Thursday, January 24, 2008

Complaints department

This morning the store manager showed me a neatly typed, polite complaint letter she had just received. The writer was complaining that he had overheard one of our employees, in a transaction with a completely different customer, refer to an author's "alias." The complainer felt that the employee should have used either "pseudonym" or "nom de plume," and he had written to inform the manager of this egregious grammatical error on the part of our employee "in the spirit of cheerful helpfulness."

"Honestly," the manager said to me. "Don't people have anything better to do with their time?"

A month or so ago she received another letter of complaint, which she showed me at the time, from a woman who was horrified by the dog-themed display in one of our windows. The display features a book entitled Designer Dogs, an attractive photo book of purposefully-crossbred dogs like puggles and labradoodles. The letter-writer was a breeder of purebred dogs and felt these mutts are polluting the dog gene pool or something, and that the bookstore was being "irresponsible" for promoting them via this particular book.

Customers really do complain about weird things. Not just complain, but actually take the time to lodge a formal complaint. A few years ago I recall helping a lady buy a globe as a gift. Globes aren't my bailiwick, but I did some research for her, helped her select a particular style, boxed it up, and took it upstairs to be giftwrapped. The whole transaction took quite a bit of time but went smoothly. At the end of it, the woman thanked me profusely and I told her it was no problem at all; we may even have shaken hands.

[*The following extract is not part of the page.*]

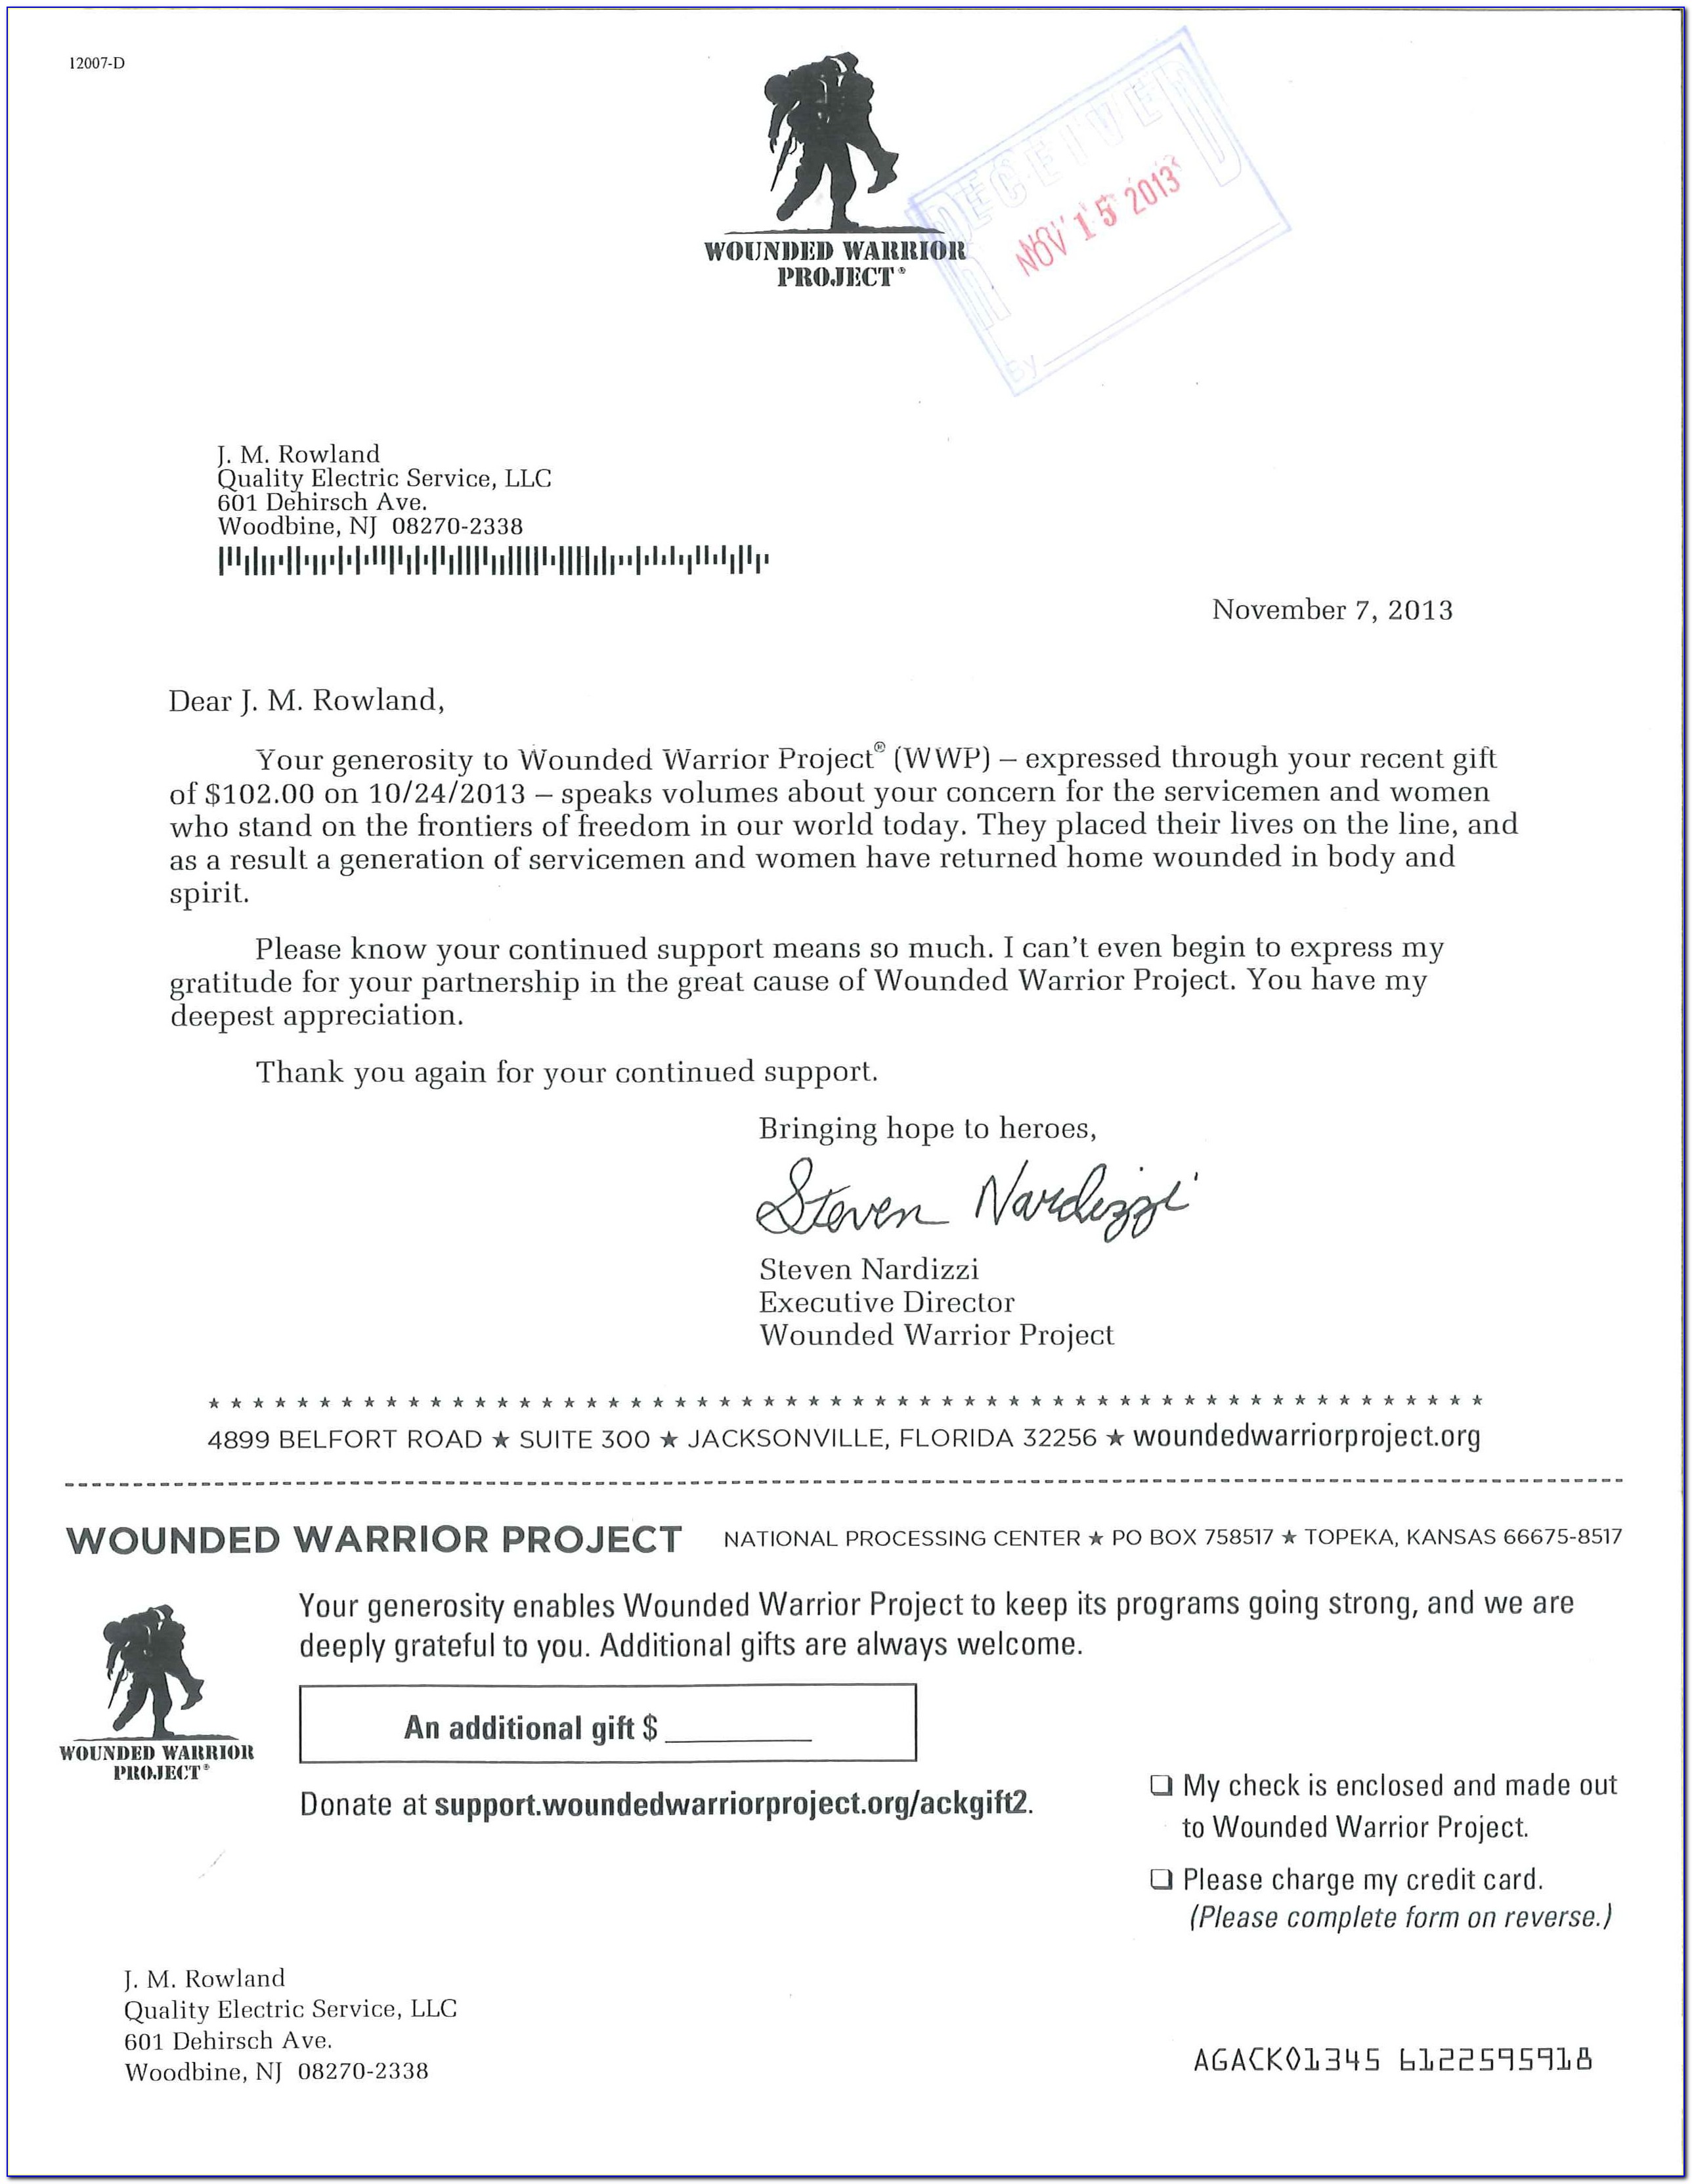 Wounded Warrior Project Online Donation Form

Later, she called the store to complain to a manager that I had said "no problem" instead of "you're welcome." Apparently, that was all she took away from the transaction.

Nothing, though, beats a weirdo letter -- not exactly a complaint -- that our webmaster received several years ago from a regular customer at another bookstore he was managing. The customer had berated a bookseller over the phone, and P. stepped in and told the customer to shut up and stop giving his booksellers such a hard time. The next time the customer came in, he handed P. the following letter, which P. has kept a copy of and shared with me today:

Kind Sir**********:

I am compelled to offer a sincere apologia for my rather abrasive dialogue
during recent overtures to the extraordinarily learned & ENVIABLY
POLITE++++++++++ staffers at [bookstore]. There is no need for me to raise an
eyebrow, let alone my voice, in their direction inasmuch as they've been
inordinately courteous/solicitous & superogatorily generous with their time
& the deference toward me no matter the time nor the volume of my at times
cavalier approach toward their GENUINE DESIRE to please this misanthropic fellow
from the Bronx. A thousand pardons, I am genuinely SORRY for having
exasperated some of your scholarly associates. [This last sentence is underlined
twice in the original.] In closing, it is mandatory that I proffer
additional praise for the INNUMERABLE interludes whereby I've rung, asked for
some "information" about an author and they've provided me with copious data on
said subject sans ever saying, "T____, what has this got to do with selling you
a book?" In the future, I shall endeavor nay unwaveringly ACT as they do
and this reciprocal magnanimity on my part commences NOW, Saturday eve, July
12th.

SINCERELY,
T____

4 comments:

Will said...

That shit is Krazy (with a K).

Caveman said...

indeed...

Anonymous said...

It really is amazing how many people in this world have absolutely nothing to do...except complain!